[Start of section]
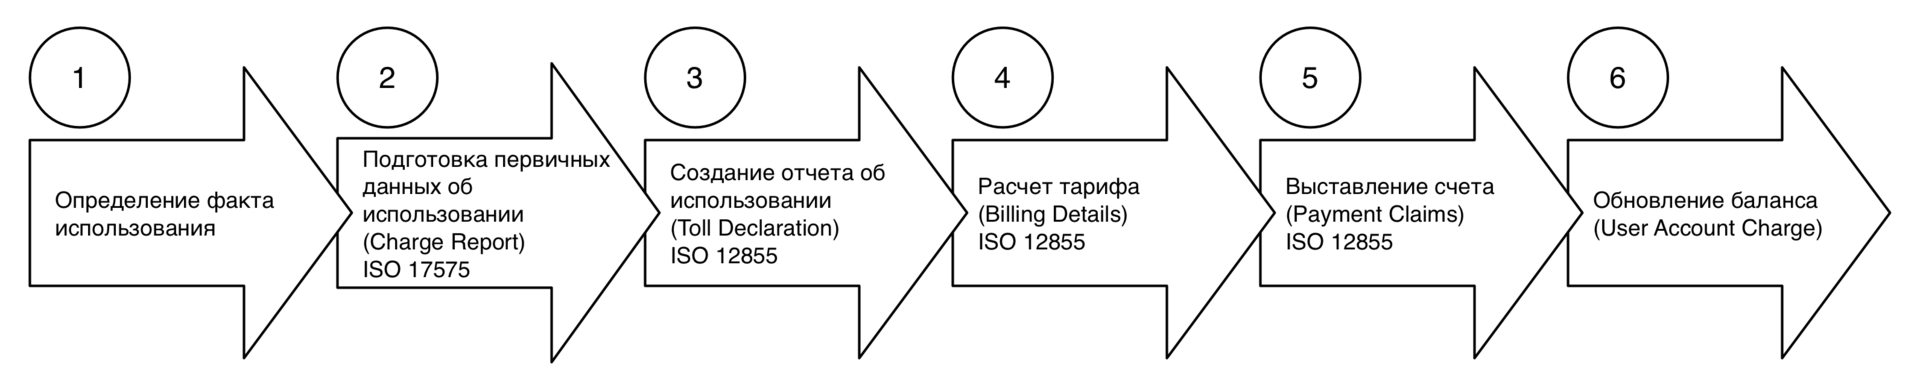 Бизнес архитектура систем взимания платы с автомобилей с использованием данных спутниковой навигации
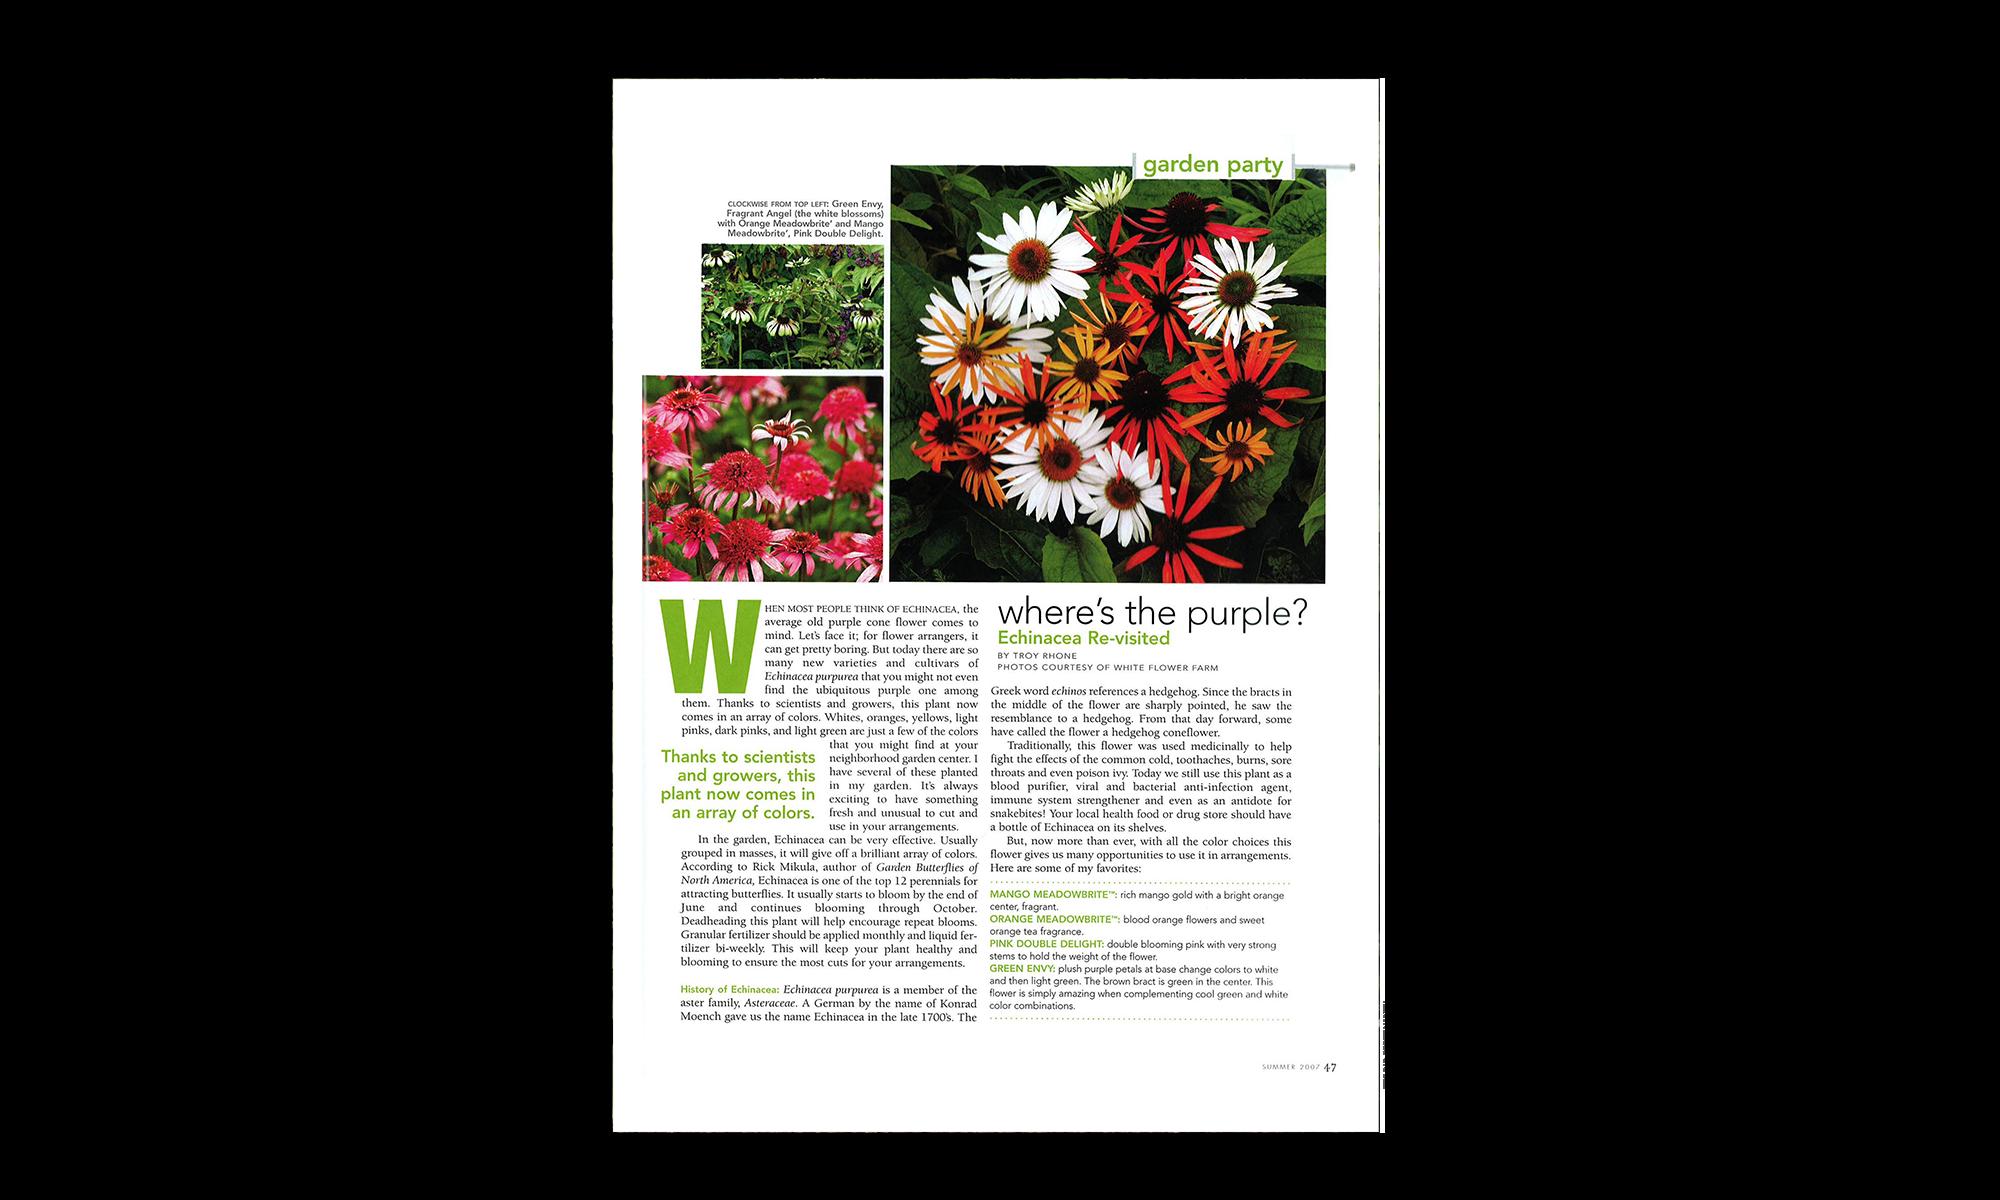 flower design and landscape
[End of section]
[Start of section]
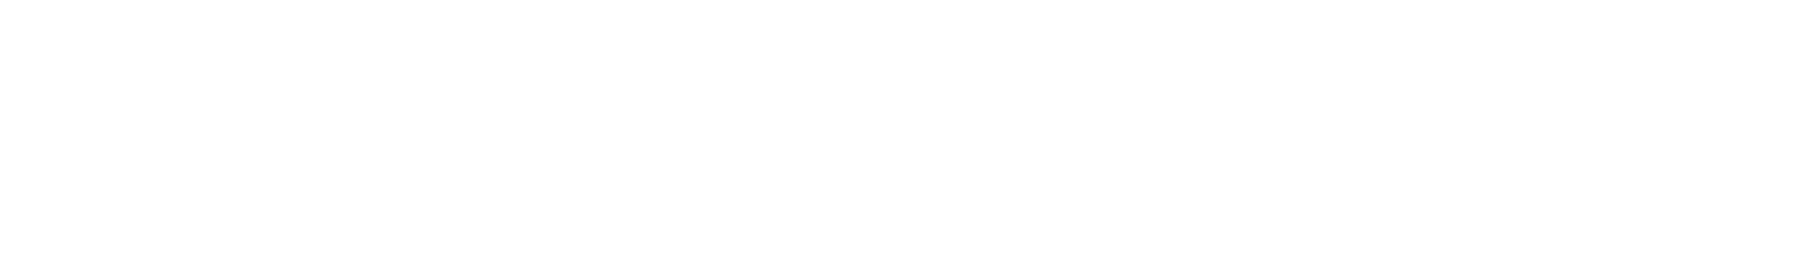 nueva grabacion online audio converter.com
[End of section]
Your objective: Of the records above, print only the lines from the one containing "Бизнес архитектура систем" through the one containing "flower design and landscape", inclusive and unaltered, leaving out pictures.

Solved exercise:
 Бизнес архитектура систем взимания платы с автомобилей с использованием данных спутниковой навигации
 flower design and landscape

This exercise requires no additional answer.